Macro Exposure via Equity Investments

The company recorded a $941 million net loss on equity and other investments, completely distorting the income statement. While management rightly focuses on 'Net income excluding the impact of equity investments' ($360M vs $226M YoY), these violent quarter-to-quarter mark-to-market swings highlight Shopify's uncomfortable exposure to broader tech valuations and macro asset prices.

DRIVER🟢

Category of One in the 'AI Era'

President Harley Finkelstein declared Shopify has 'entered the AI era with a clear edge,' leveraging two decades of commerce intelligence. Following heavy internal investments in 2025 into Agentic Storefronts and the Universal Commerce Protocol (UCP), Shopify is positioning itself as the default checkout infrastructure for AI platforms (like ChatGPT and Gemini). This technology moat is expected to act as an accelerating growth driver throughout 2026.

Other KPIs

Free Cash Flow$476 million

Stable. Free cash flow grew 31% YoY, maintaining a 15% margin. The company is generating massive absolute cash dollars, giving it the firepower to self-fund AI R&D and execute against its previously authorized $2 billion share repurchase program without tapping debt markets.

Operating Income$382 million

Accelerating. Up 88% from $203 million in 25Q1. Operating margin expanded to 12.0% from 8.6% a year ago. This proves that Shopify is finally achieving the operational leverage investors have demanded, scaling its infrastructure without linearly scaling its headcount or administrative costs.

Guidance

26Q2 Revenue Growth YoYHigh-twenties percentage rate

Decelerating compared to the 34% growth delivered in Q1. This implies that Q1 may have captured specific base effects or that management is leaving room for a beat. Either way, it resets expectations back to the ~30% channel seen throughout FY25.

26Q2 Gross Profit Growth YoYMid-twenties percentage rate

Decelerating. Lags the top-line revenue guidance, confirming that the mix shift toward payments and merchant solutions will continue to exert downward pressure on gross margins in the near term.

26Q2 Free Cash Flow MarginMid-teens percentage

Stable.
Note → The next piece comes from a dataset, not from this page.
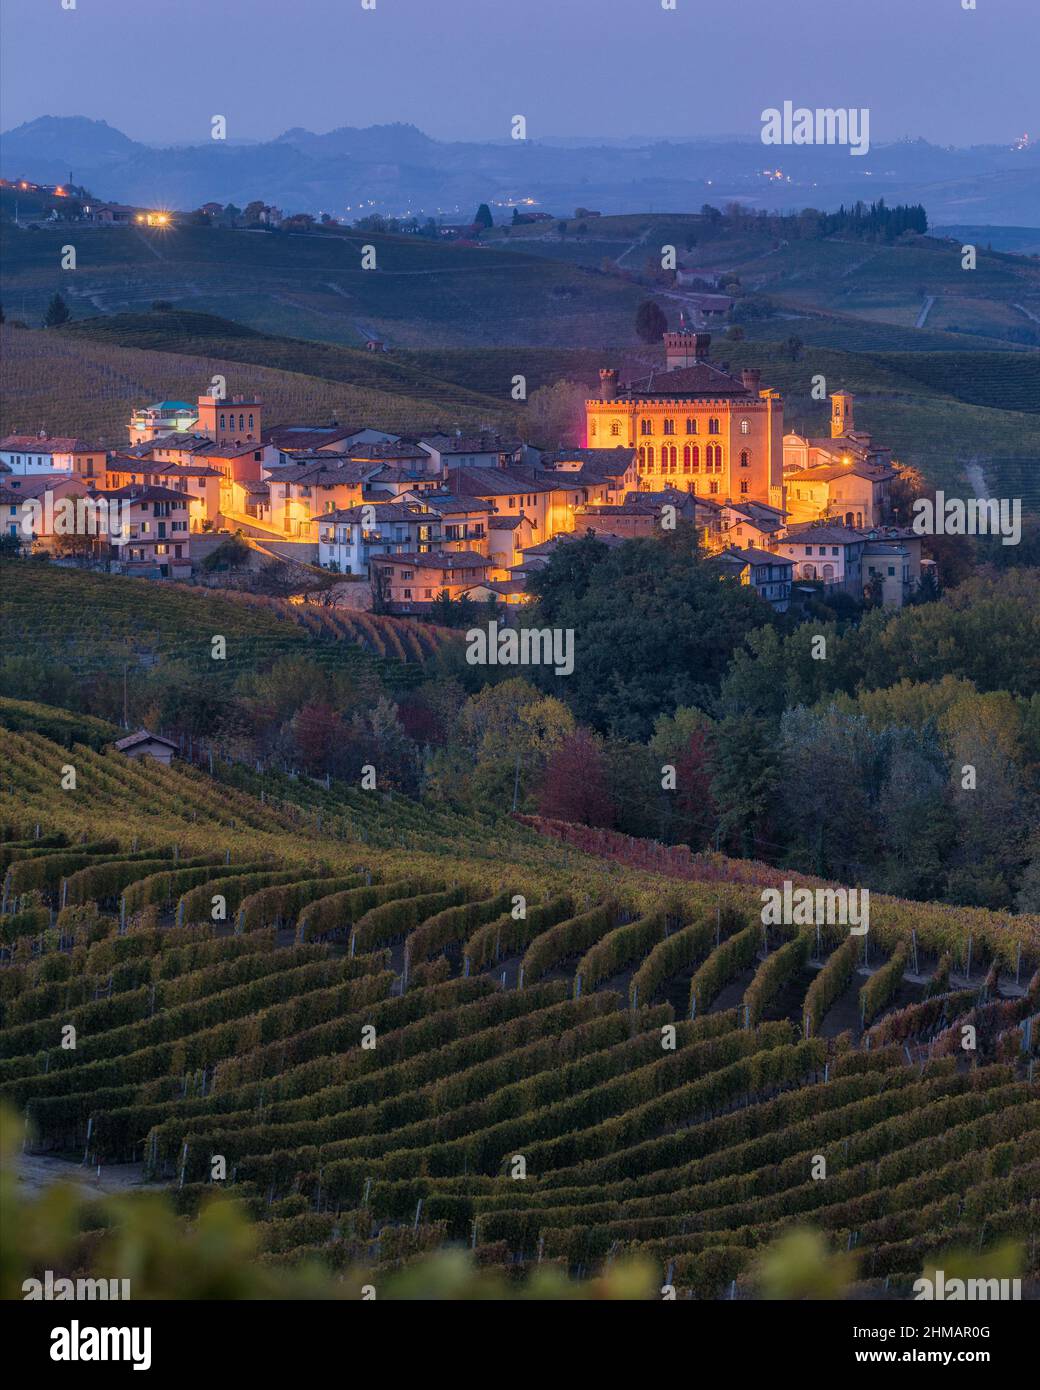 Villaggio Barolo al tramonto durante la stagione autunnale. Regione delle Langhe del Piemonte, Cuneo, Italia settentrionale. Foto Stock

Matches the 15% printed in Q1 and aligns with the consistent double-digit cash generation profile the company has maintained over the last several quarters.

26Q2 Operating Expenses35% to 36% of Revenue

Stable. Represents continued tight cost control compared to historical levels, ensuring that even with gross margin compression, operating leverage remains positive.

Key Questions

Drivers of Q1 Acceleration vs Q2 Deceleration

What specific factors drove the massive GMV and revenue acceleration in Q1, and why does guidance imply a step down to the 'high-twenties' in Q2? Was there a pull-forward of demand?

Strategy for Equity Portfolio

Given the $941 million mark-to-market hit this quarter, is there a strategic timeline for divesting these non-core equity holdings to remove this extreme volatility from the GAAP earnings profile?

Merchant Solutions Nuance

Merchant Solutions grew an impressive 39%. How much of this growth is strictly volume-based (Shop Pay penetration) versus the adoption of higher-margin ancillary services like Shopify Capital or Tax?